| STORED DATA |
────────────────────────────────────────
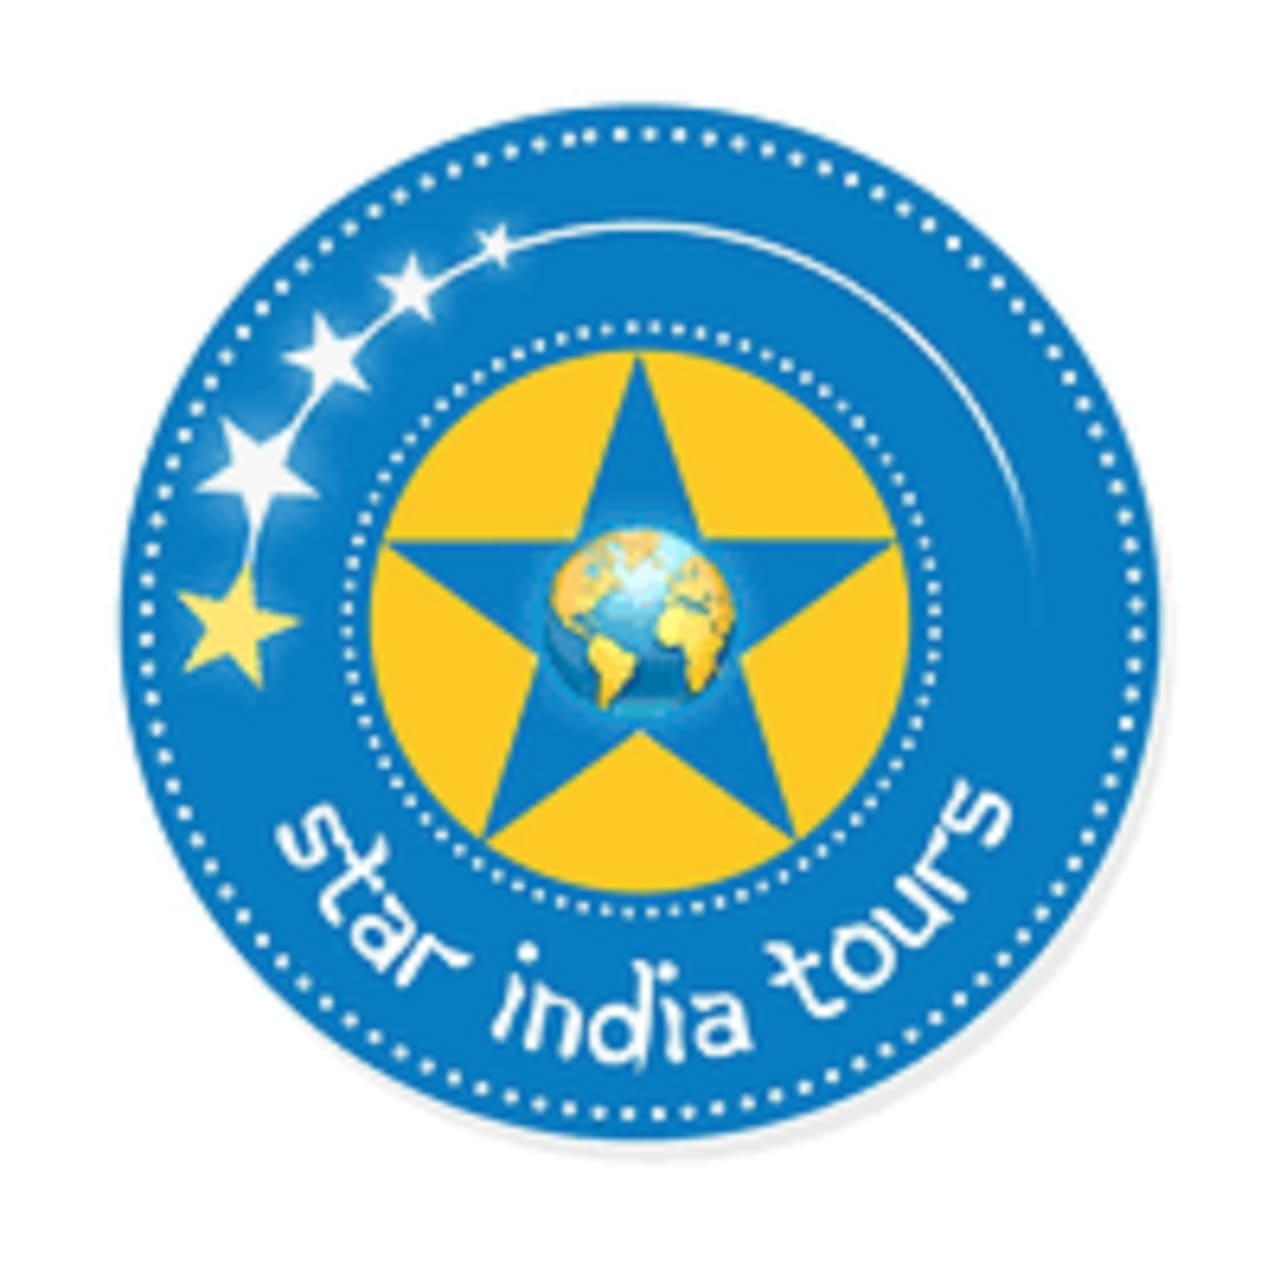 Best Places to Visit in India, Popular Holiday Destinations | Star India Tours
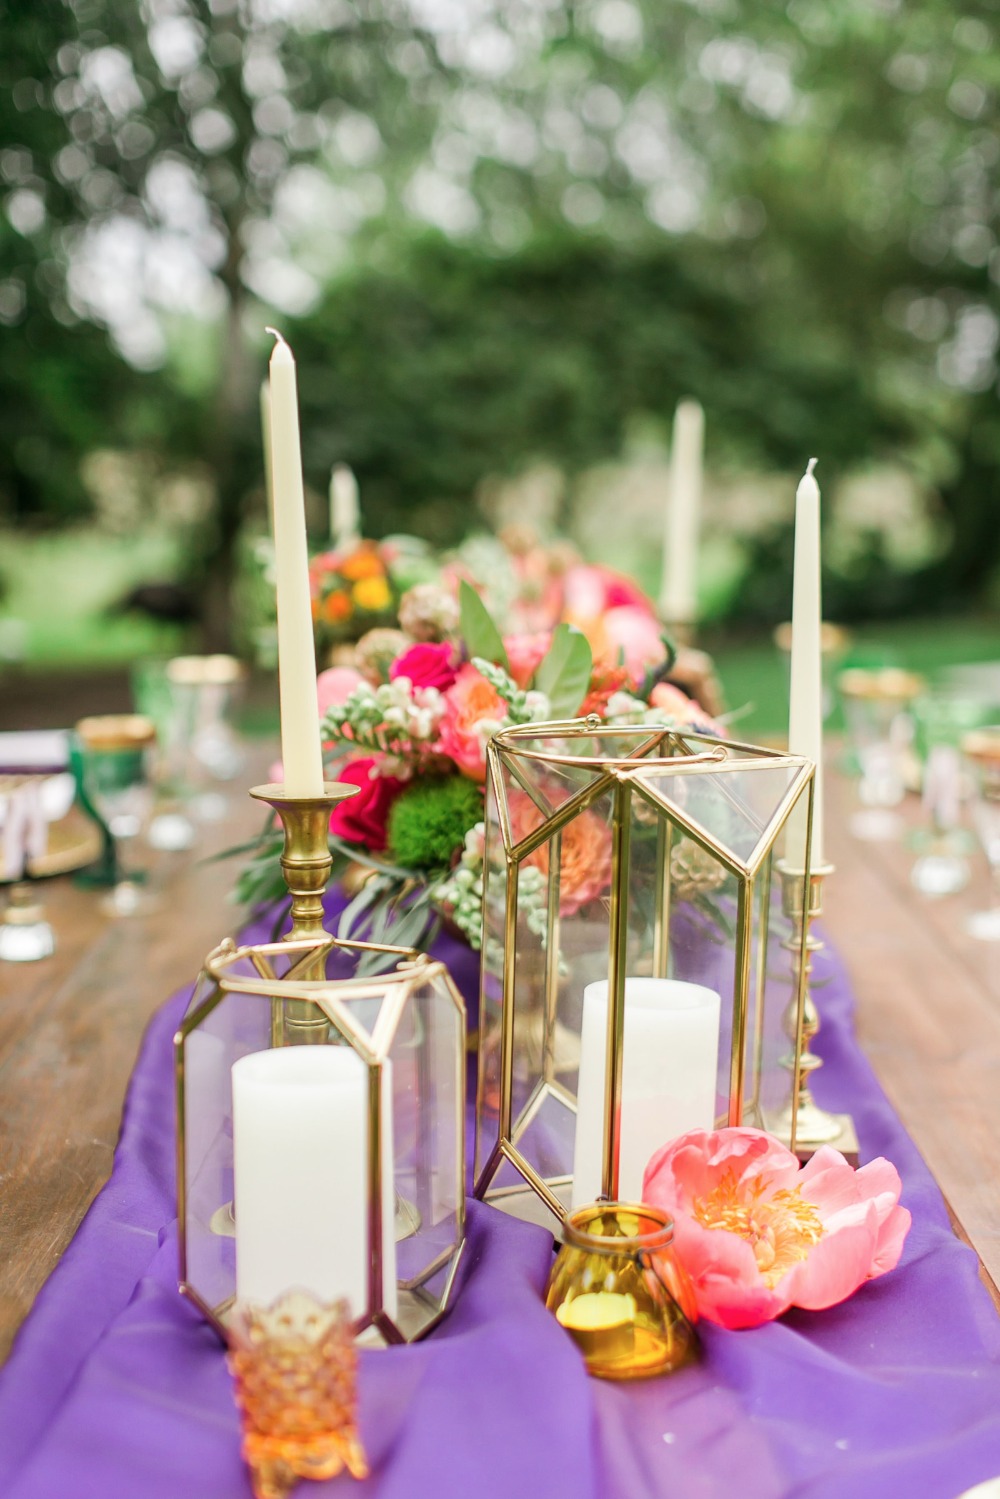 Candle centerpiece and purple table runner
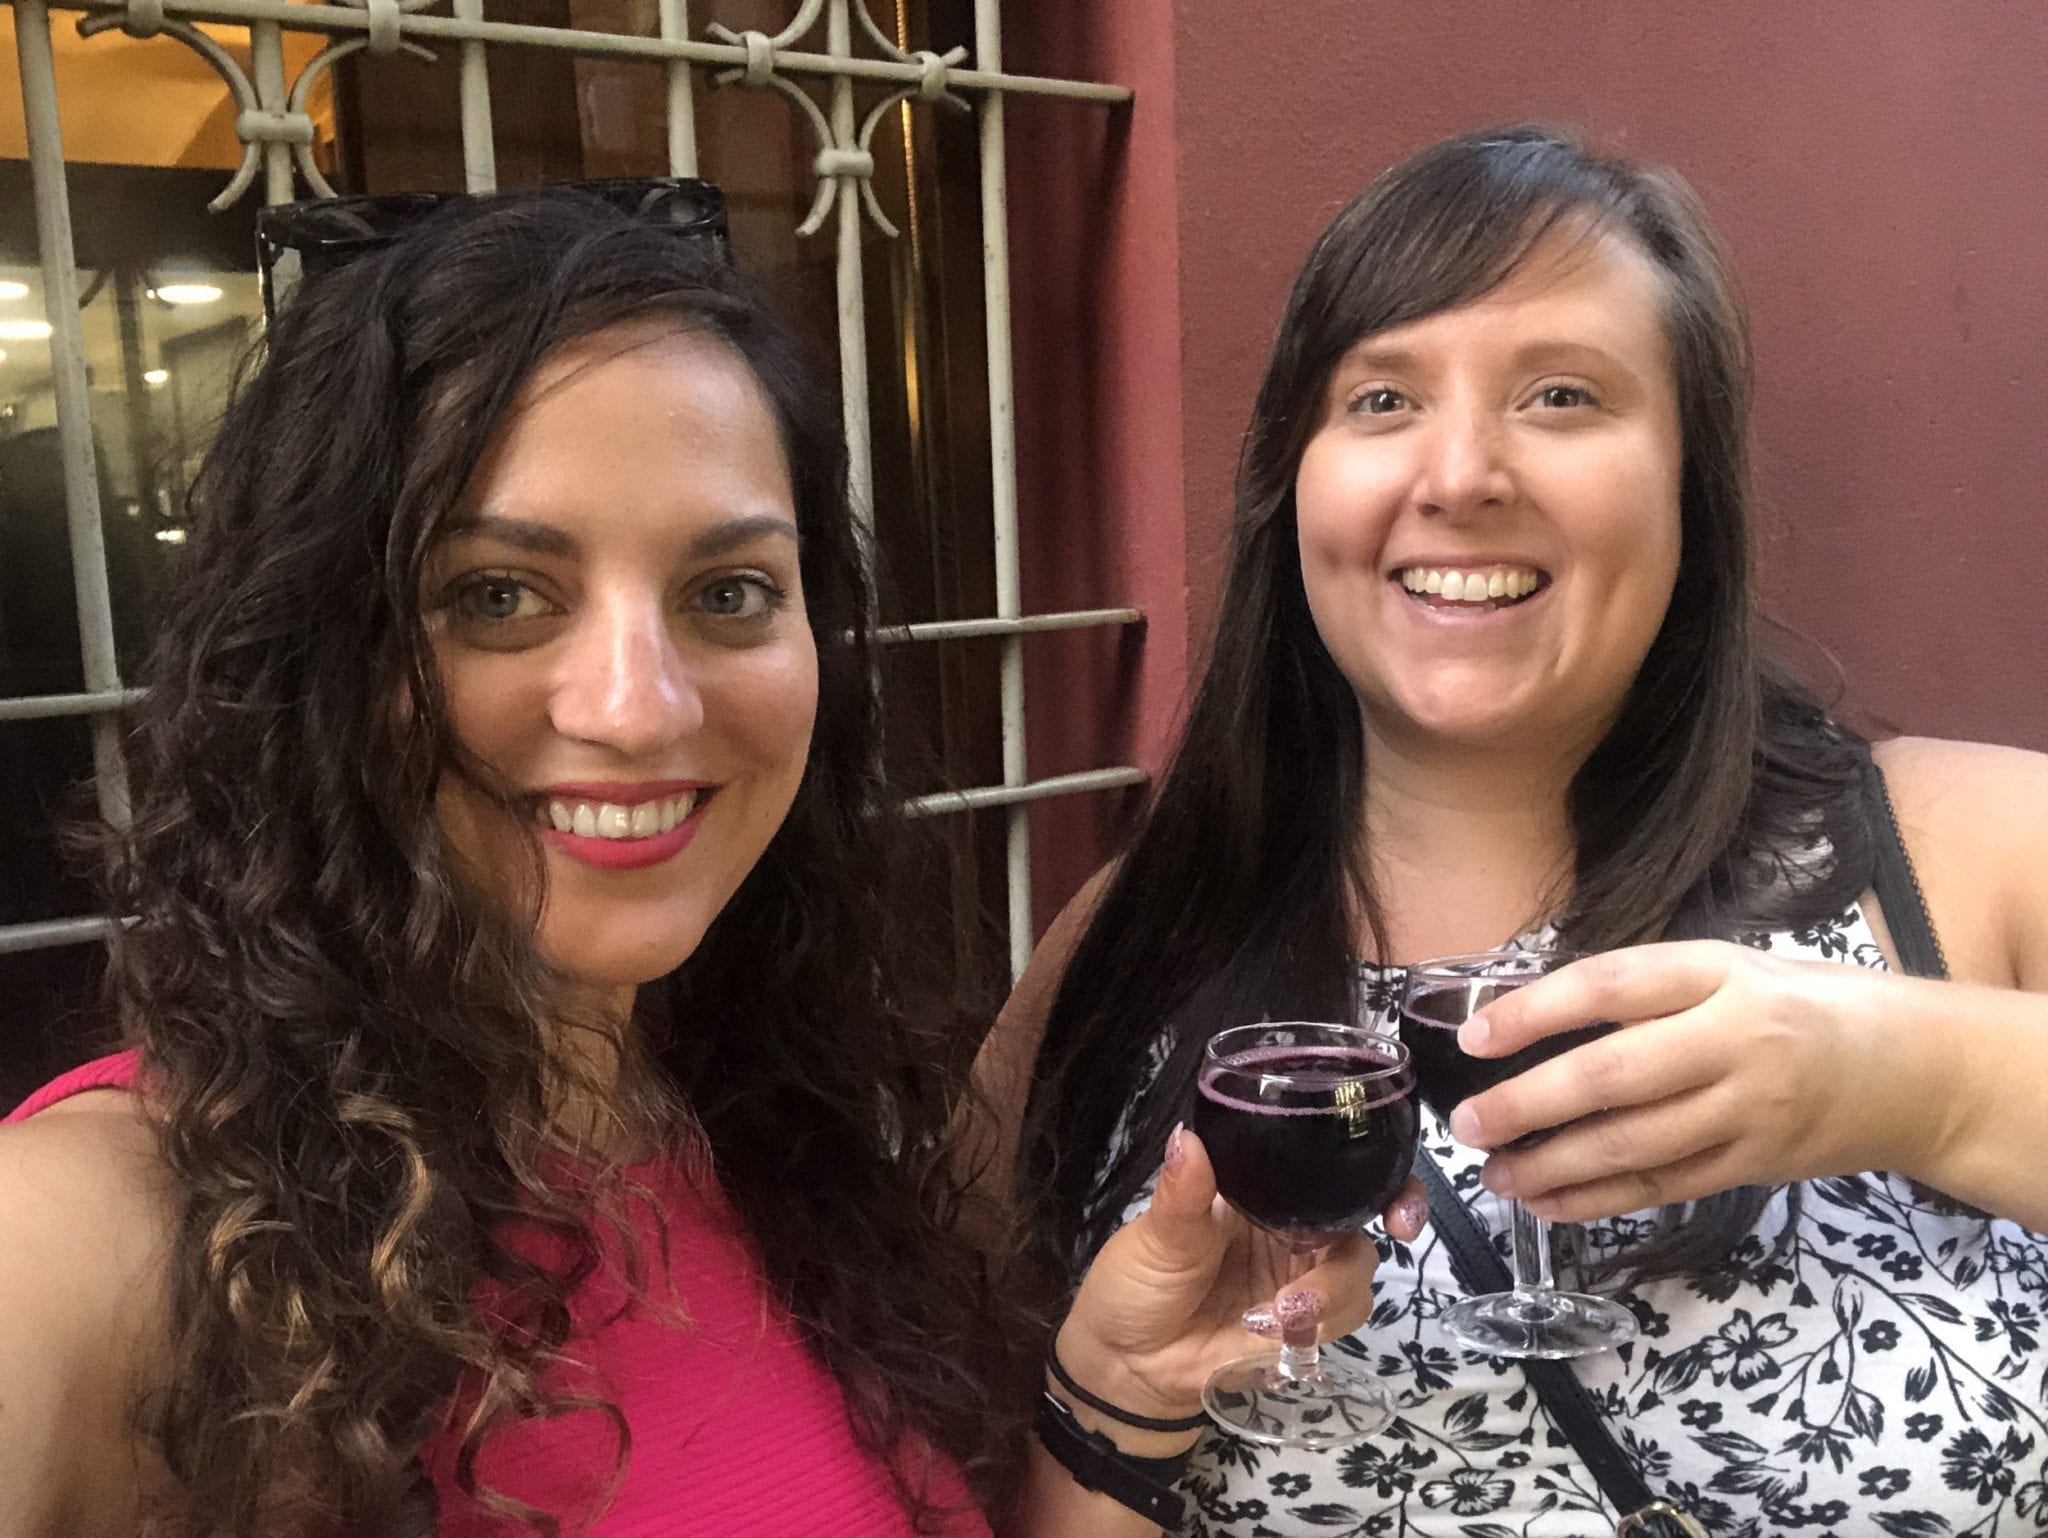 Kate and Cailin take a smiling selfie while toasting small glasses of red lambrusco wine.
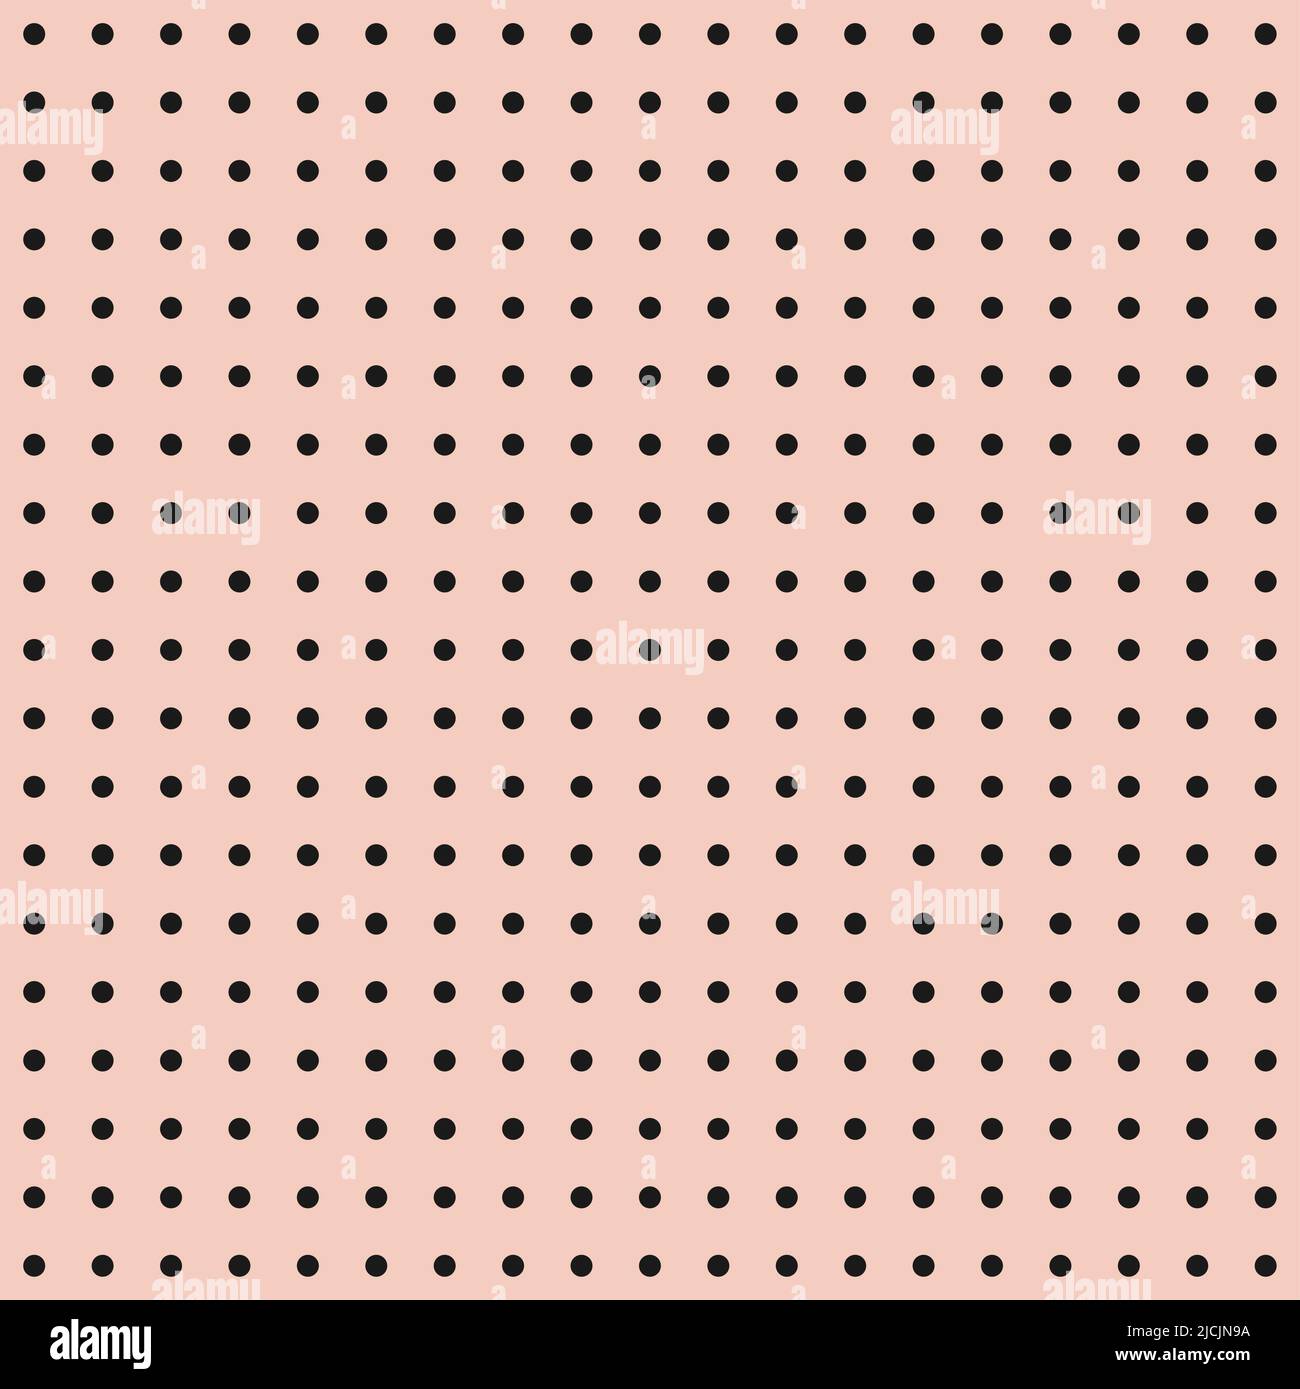 Peg board seamless pattern, pegboard wall grid background, vector realistic texture. Peg board of metal or wood grid, workshop pegboard rack with perforated holes or dotted pattern Stock Vector
────────────────────────────────────────
| REQUIREMENT |
Reprint the whole listing verbatim except for the pictures.

| RESULT FOR THIS TASK |
 Best Places to Visit in India, Popular Holiday Destinations | Star India Tours
 Candle centerpiece and purple table runner
 Kate and Cailin take a smiling selfie while toasting small glasses of red lambrusco wine.
 Peg board seamless pattern, pegboard wall grid background, vector realistic texture. Peg board of metal or wood grid, workshop pegboard rack with perforated holes or dotted pattern Stock Vector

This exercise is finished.